Moving forward, Kinney says that Amazon is looking forward to continuing its partnership with NASA, not only for increasing business but also because the company is excited to help bring about future discoveries. “We make investments in public datasets and these types of grants so that we can really help develop the next generation of technologies that will be used by all of our customers down the road, both public sector and commercial,” he says. “So it’s a very natural partnership for us.”
In its short run, Nemani says reception to OpenNEX has been very positive. In June, the agency instituted a series of contests on OpenNEX that challenges citizen scientists to use the available datasets for developing applications and algorithms that promote climate resilience, or our ability to adapt to climate change.
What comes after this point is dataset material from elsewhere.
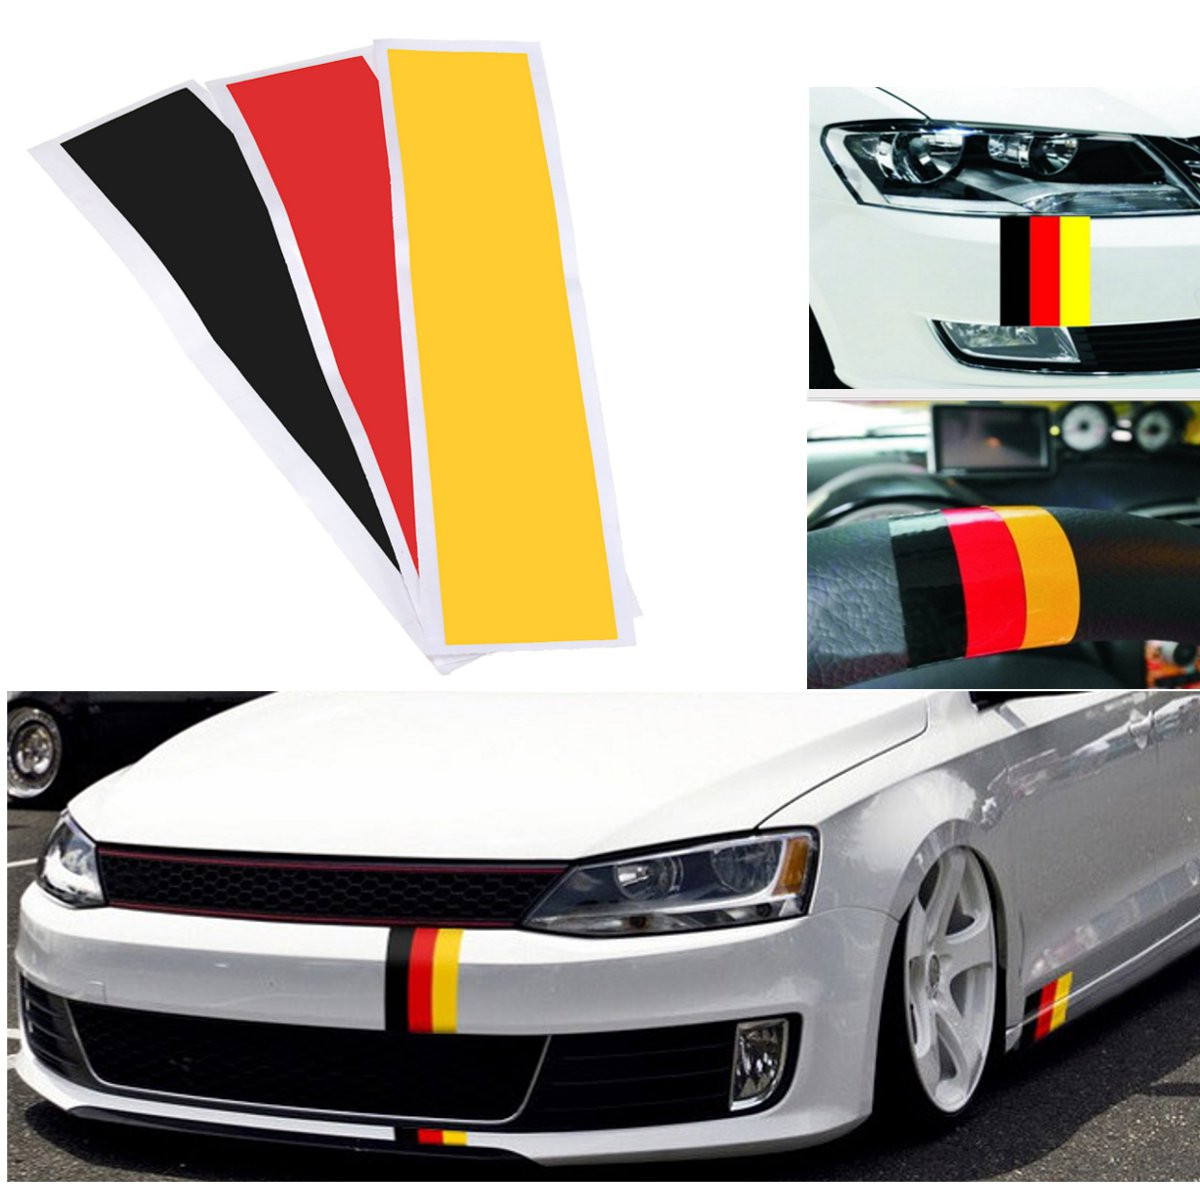 Набор наклеек с немецким флагом, цветная полоса, наклейка для Audi /BMW /Mercedes /VW

The contest falls in line with the White House Big Data and Climate Data Initiatives, which encourage government agencies to improve their ability to extract knowledge and insight from their digital data collections, as well as President Obama’s calls for developing tools to fight climate change.
“We already have over 400 scientists signed up to be part of the challenges,” Nemani said in July, “so we’re pretty excited to see what they’ll come up with. But keep in mind that this is just the beginning; in a few years we hope to have a large section of the scientific community from around the planet using OpenNEX on a daily basis for climate change research. That’s our big goal.”